I hope someone can take the time to read this and help.

I am new to the world of bodybuilding, well actually I have been doing basic weight training and cardio for a few weeks now. However, my diet is VERY WRONG and very Bad.

I am currently in Asia, unfortunately the knowledge about proper nutrition to fuel bodybuilding is very limited, biased and commercialized.

I keep a training log and also have recent pictures, which I will share with all of you on here. I also have my body measurements which I will post at the end of this message.

My goal is to reduce my bodyfat, build strength and supplement my weight training with a diet which helps me grow in size and strength.

I am NOT expecting overnight or even immediate short term.
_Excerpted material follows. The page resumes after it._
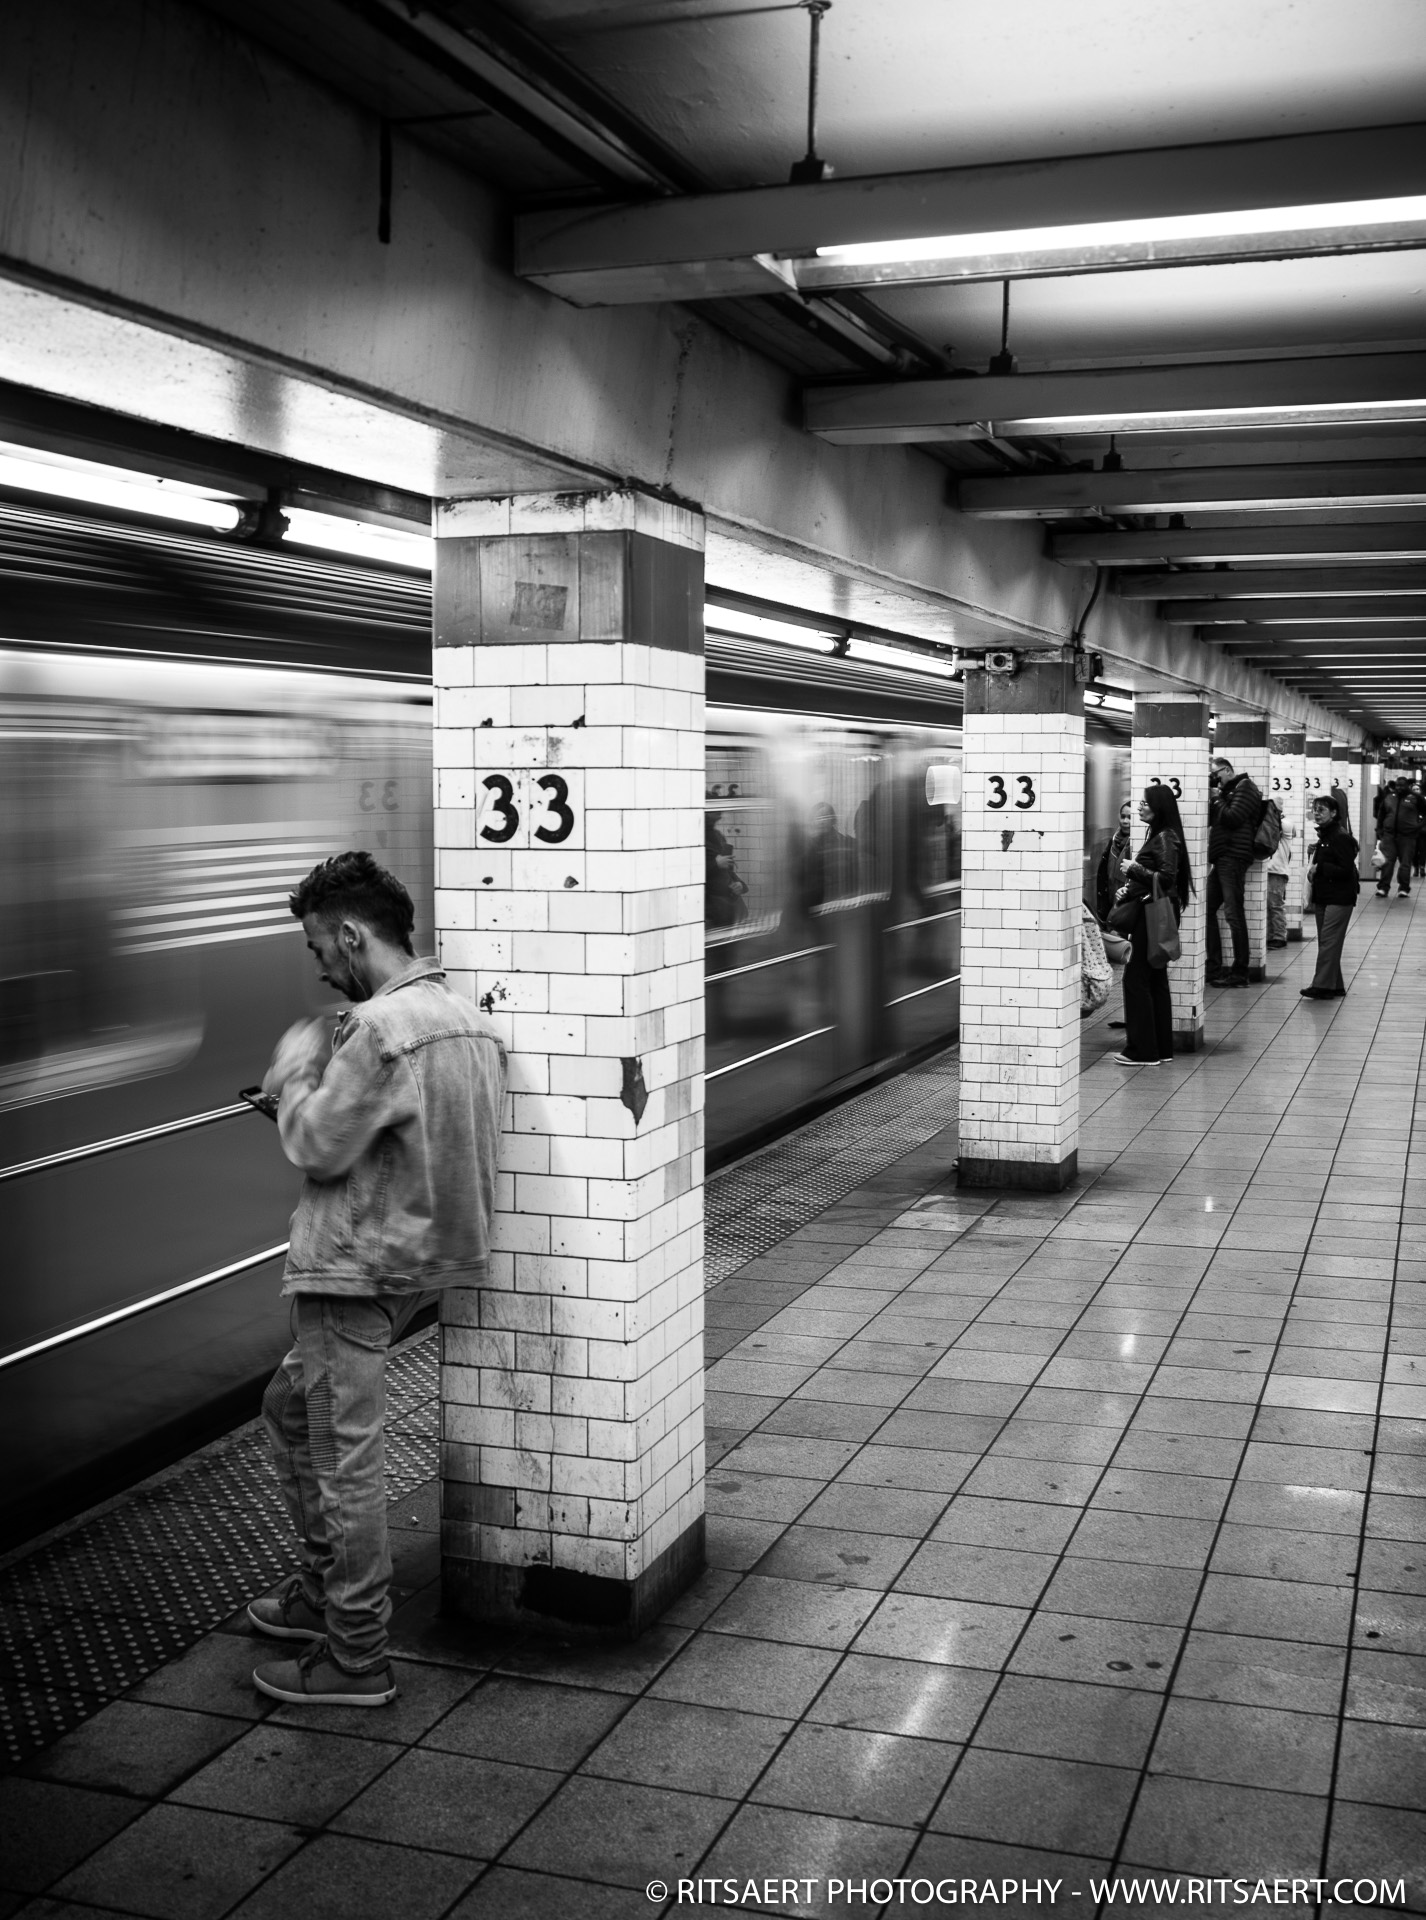 Subway - New York - USA
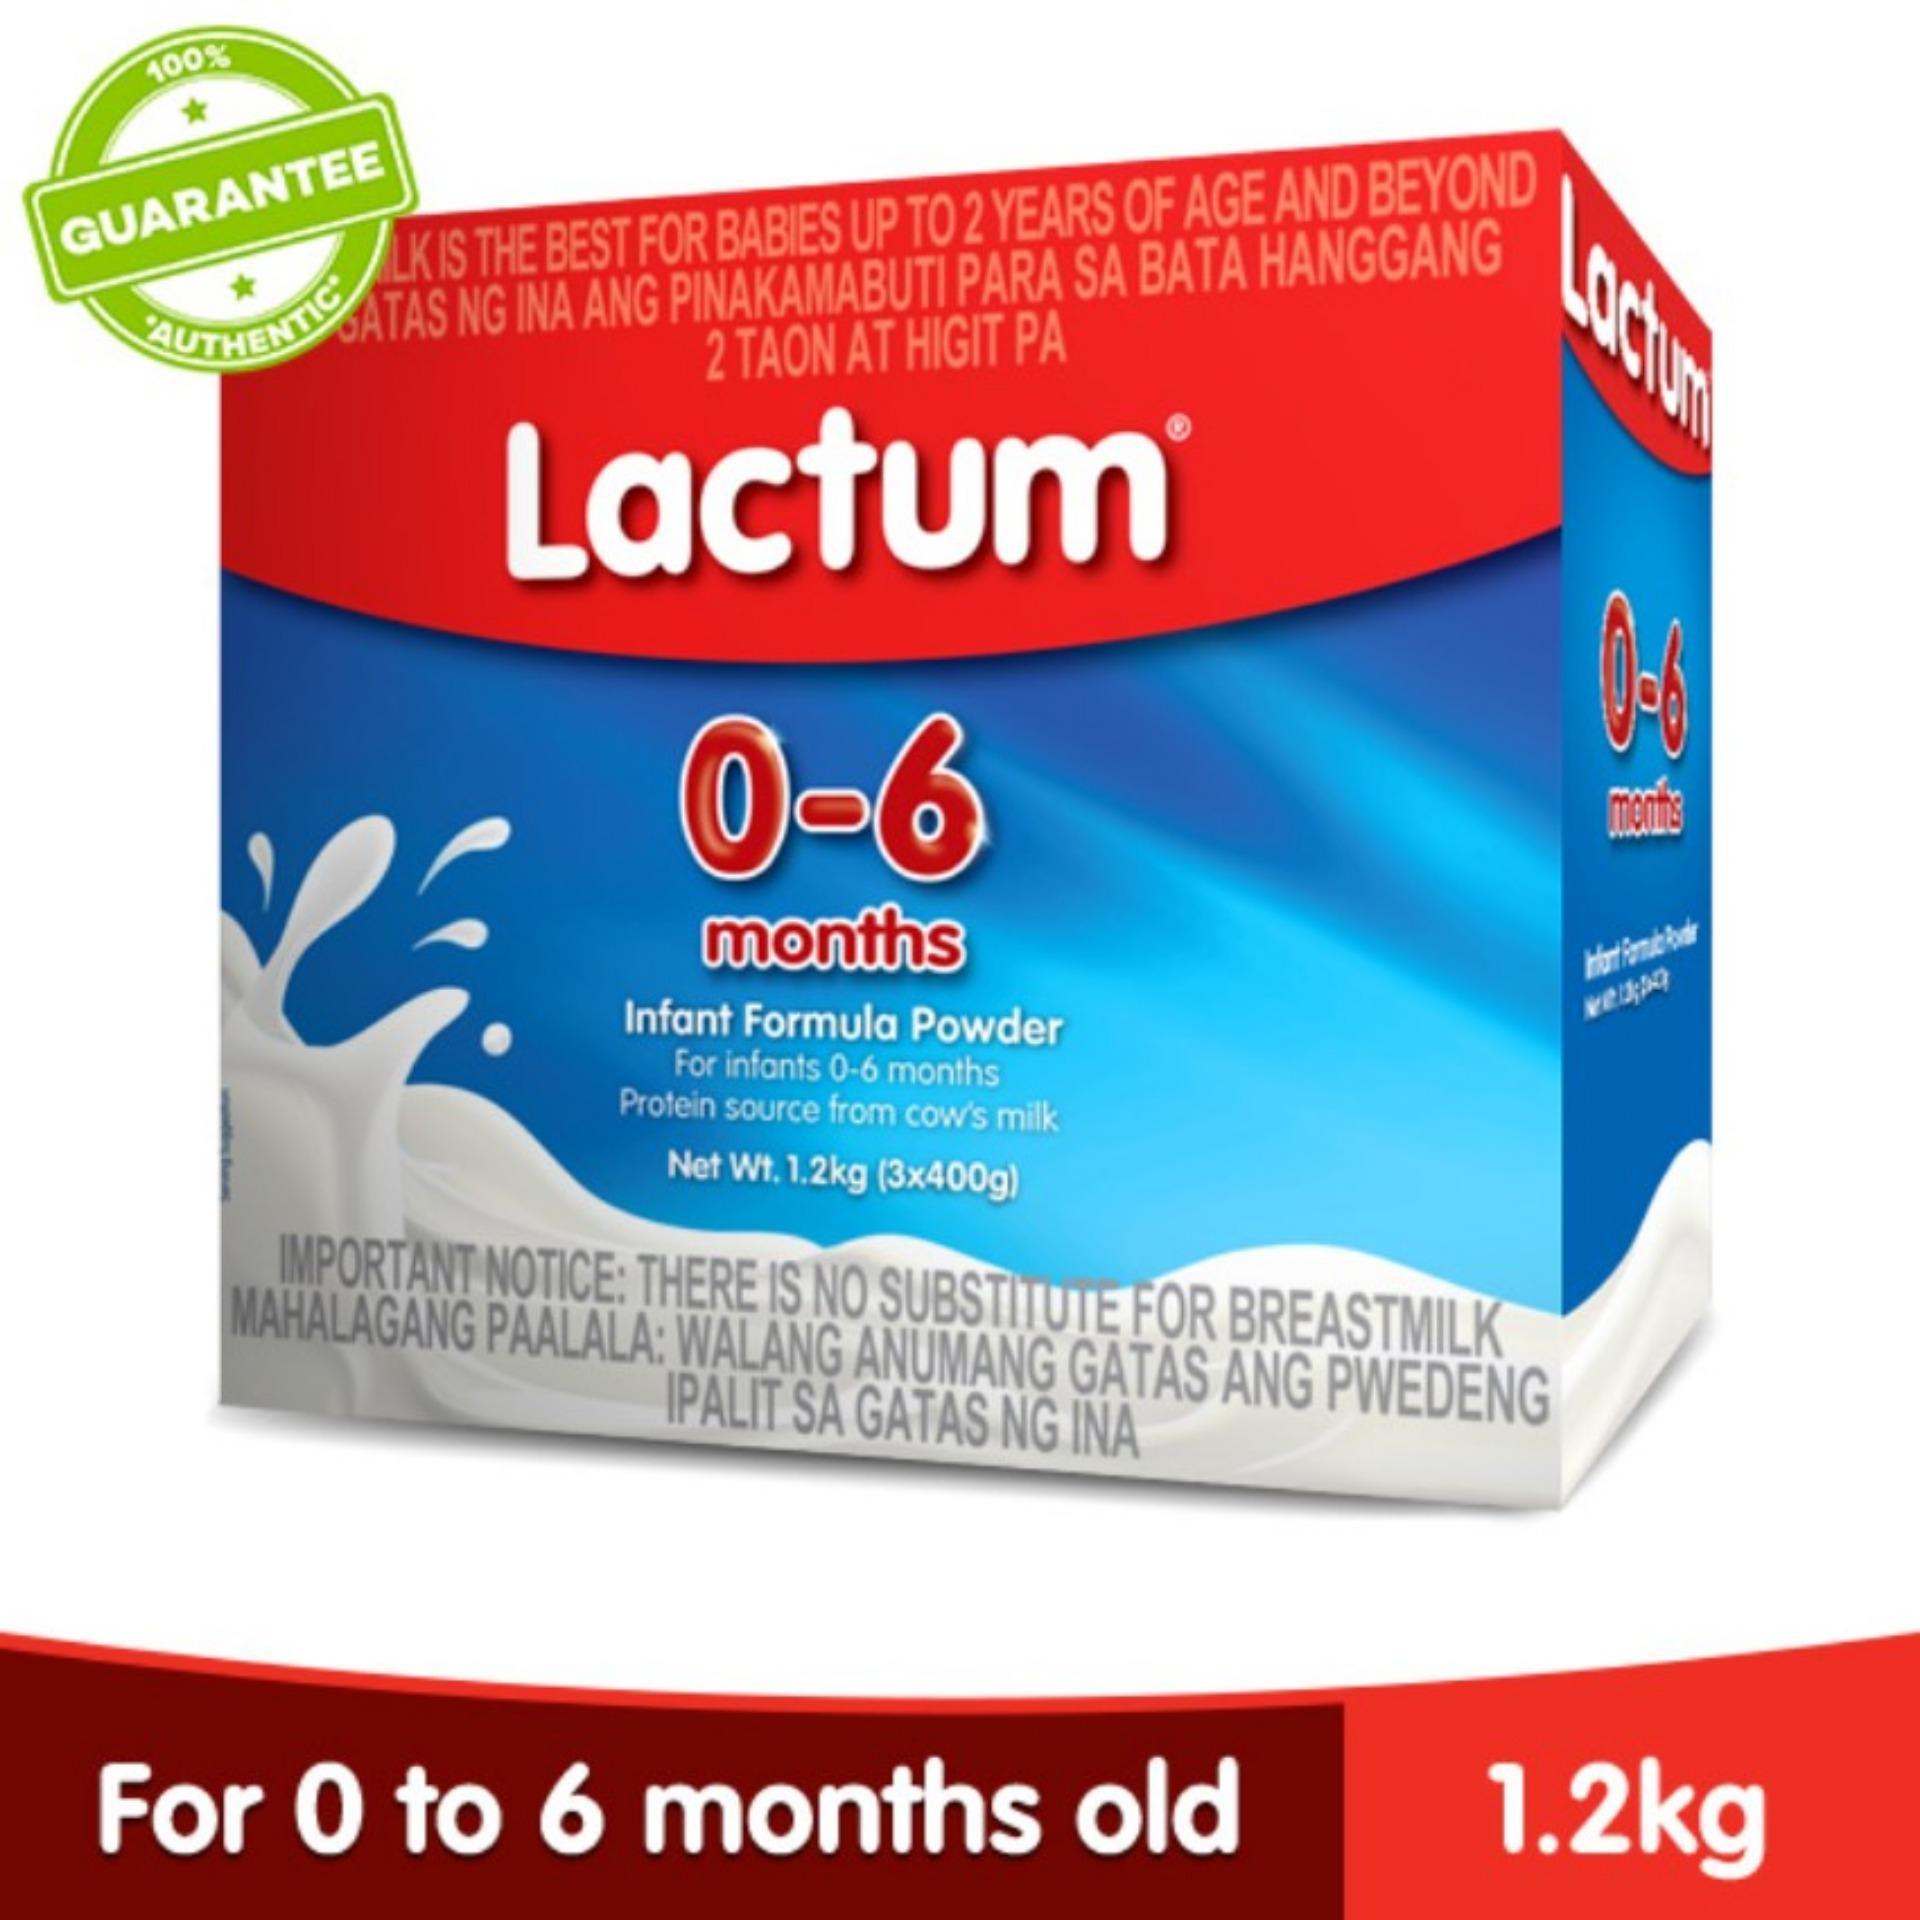 Infant Formula For Sale Baby Online Brands Prices Nan Ph Pro 2 800g Lactum Powder 0 6 Months Old 12kg

I just want to eat well so that my effort into weight training is not useless.

My workout schedule is:

Weights: Mon/Wed/Fri 830pm-10pm
Cardio: Tue/Saturday Evening

I have a few dietary restrictions which I will post below, and then give you a brief outline of my current meals

-I do NOT eat seafood, beef, or any fish due to allergies to them

-I enjoy eating Chicken, Eggs, and all Veggies, Breads, Cheese, Milks, Dairy Products

-My lunch has to be vegetarian as I work in an office where no meat is allowed due to religious reasons (this is Asia, we do have such unwritten rules! in some places)

-I have access to Whey Protein powder, Flax Seed Oil Tablets, Amino Acid Tablets

Ok, let me tell you what I currently eat for my meals

Breakfast: 930am: A cup of wheat flakes with a cup of skim milk

Lunch: 130pm: Cooked potato, green peas, lentil soup, white cooked bread

Snack:6pm: Usually junk, once in a while two fried eggs (medium sized eggs) and two slices of brown bread

Workout: 830-10pm

1030pm: One scoop whey protein with water

11pm: Grilled chicken and whole wheat toast

12am or so BED

So as you see my diet is very bad, and then my post workout meal is my last meal of the day.

I was hoping someone could help:

-suggestions on what type of foods and quantities I should get into each meal slot

-if i need to add any meal slots

-if I need to change my pre workout 'snack', and how it should vary on cardio and weight days

-How/When I should use my supplements, i.e. whey powder, amino acid tablet, flax seed oil tablet, multivitamin

-Any other suggestions

I am not being lazy, its just that there is a LOT of information out there and it is really information overload.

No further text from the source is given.